INPUT »
________________
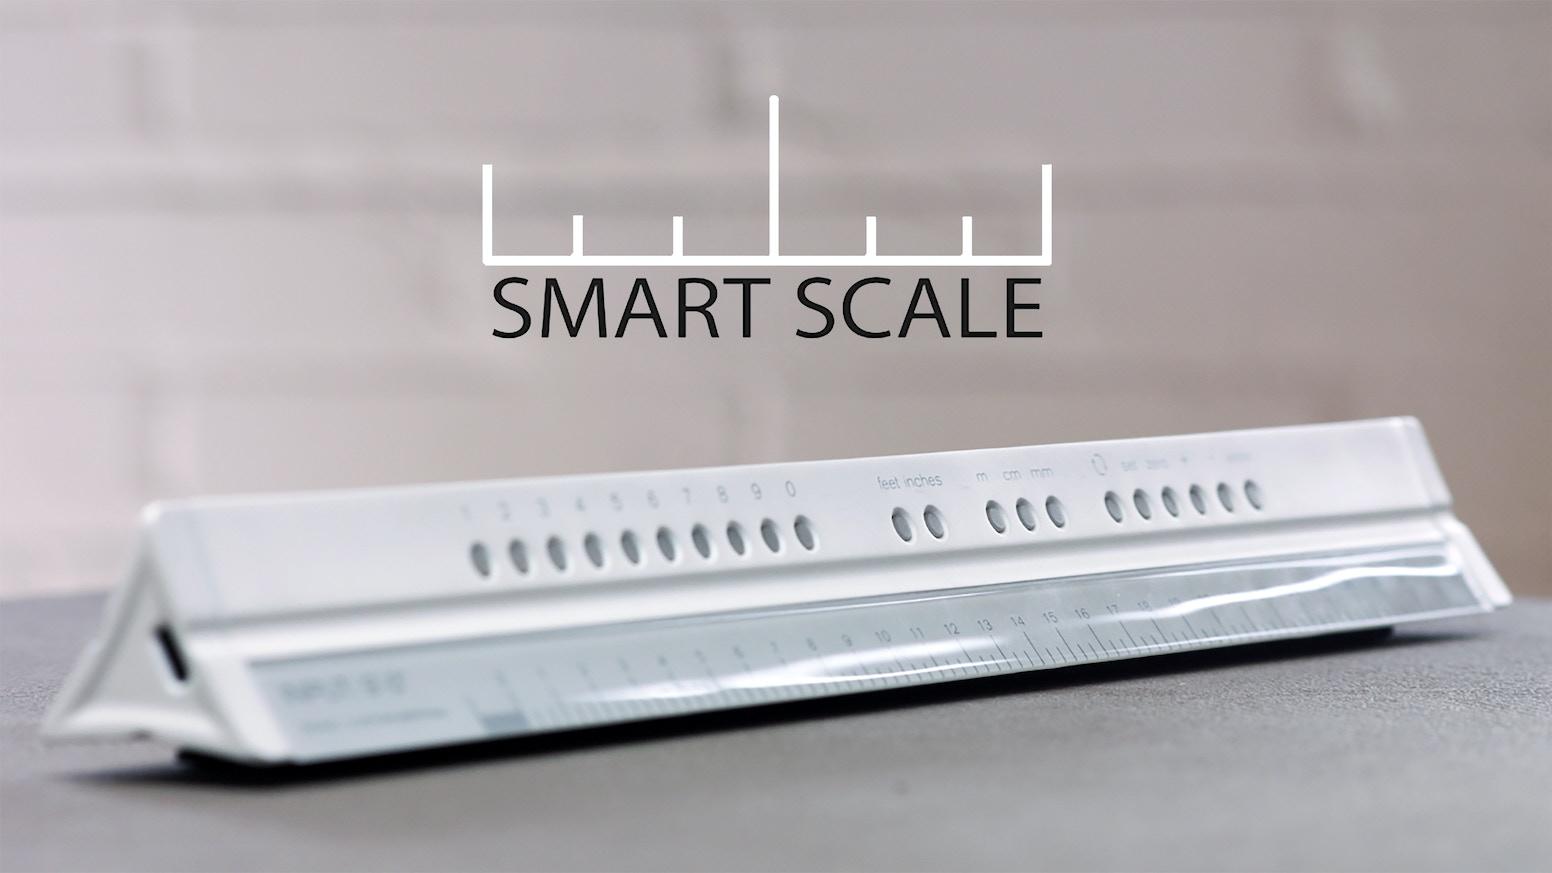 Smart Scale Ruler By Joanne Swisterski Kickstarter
________________
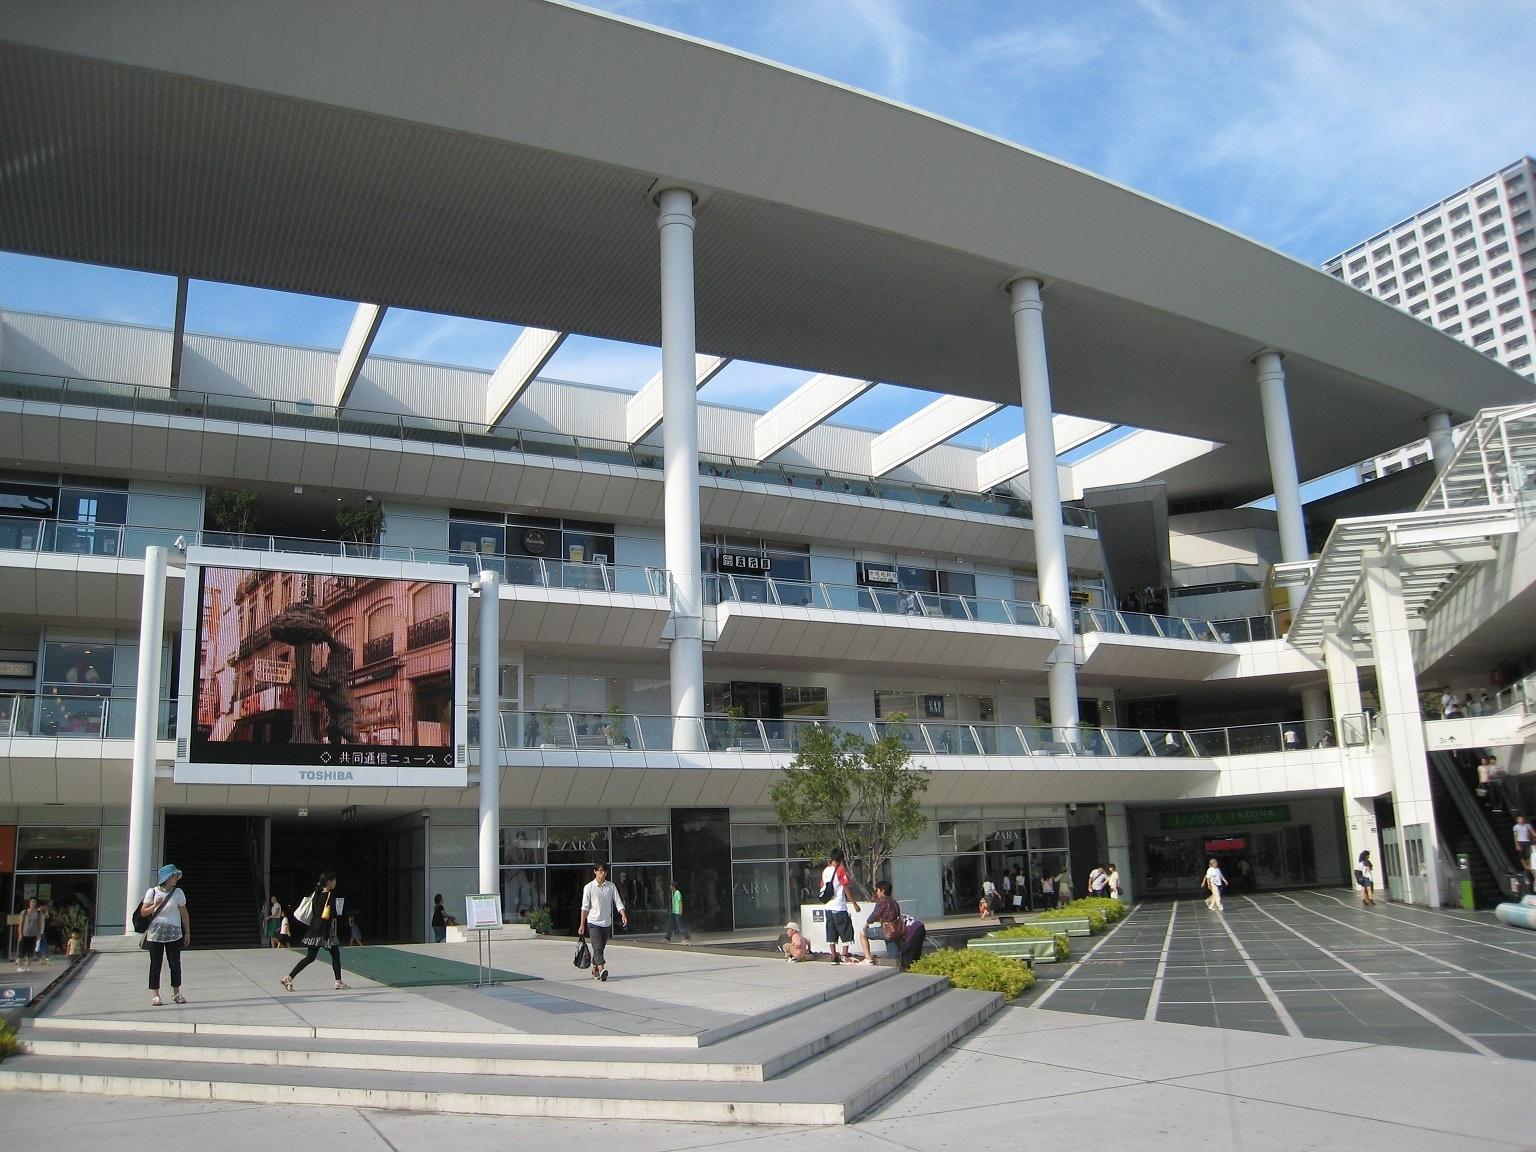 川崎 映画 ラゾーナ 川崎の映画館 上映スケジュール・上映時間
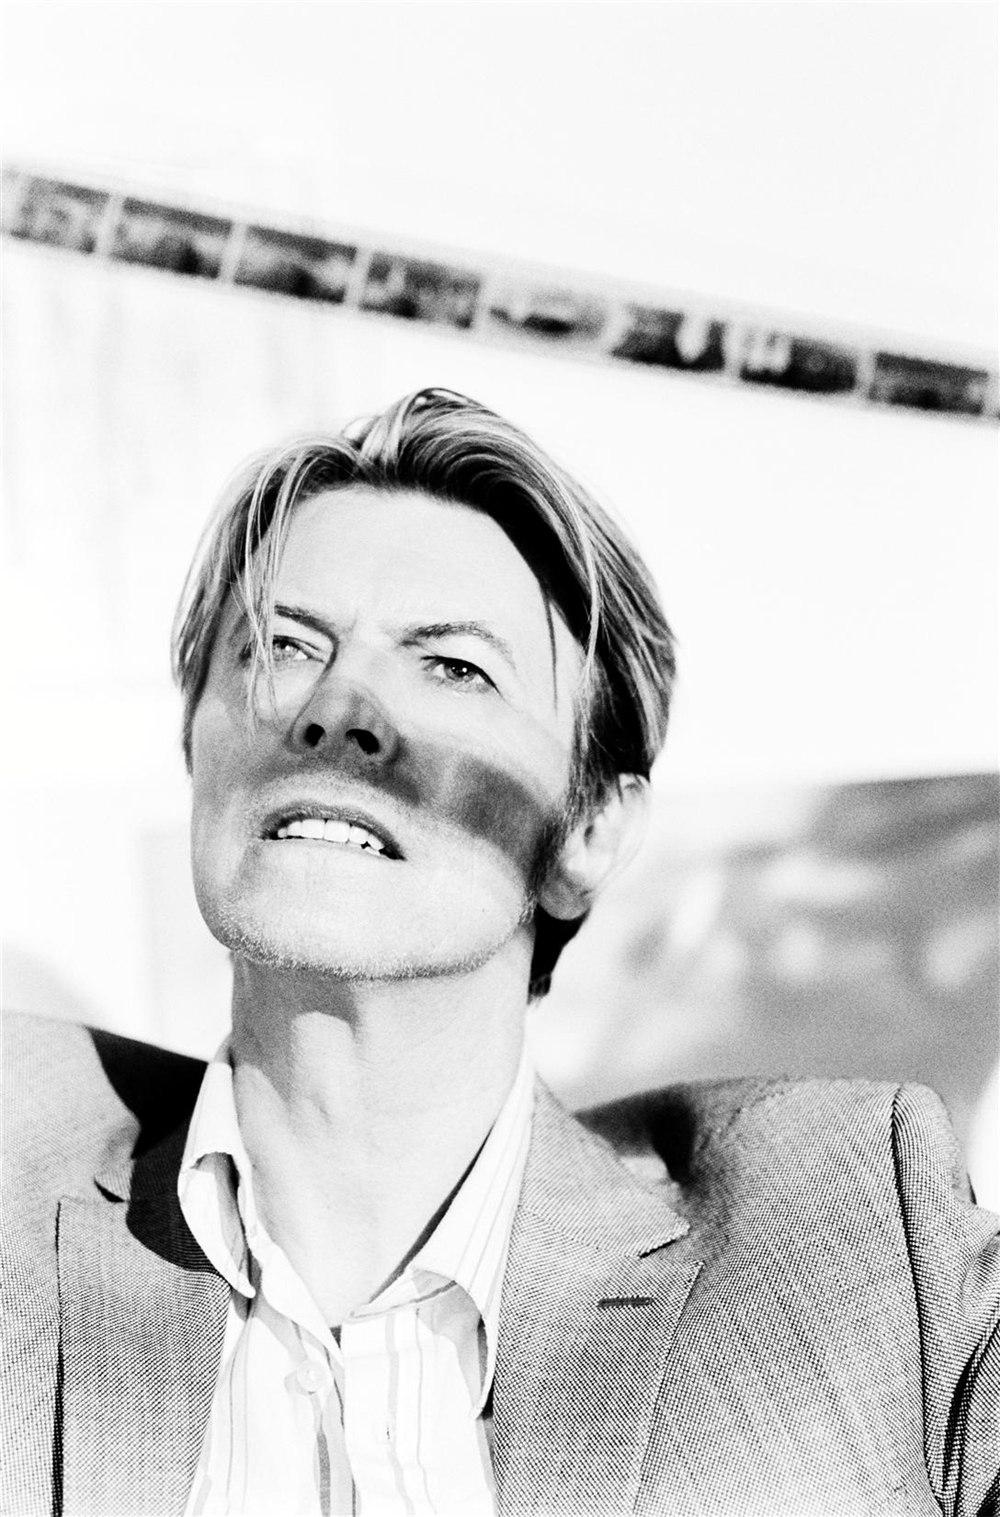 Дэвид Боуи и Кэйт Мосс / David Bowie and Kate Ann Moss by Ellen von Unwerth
________________
TASK BRIEF » The answer must be the lines above from the one containing "川崎 映画 ラゾーナ 川崎の映画館 上映スケジュール・上映時間" through the one containing "Дэвид Боуи и", reproduced exactly, with no pictures and nothing else.

PROBLEM SOLUTION »
 川崎 映画 ラゾーナ 川崎の映画館 上映スケジュール・上映時間
 Дэвид Боуи и Кэйт Мосс / David Bowie and Kate Ann Moss by Ellen von Unwerth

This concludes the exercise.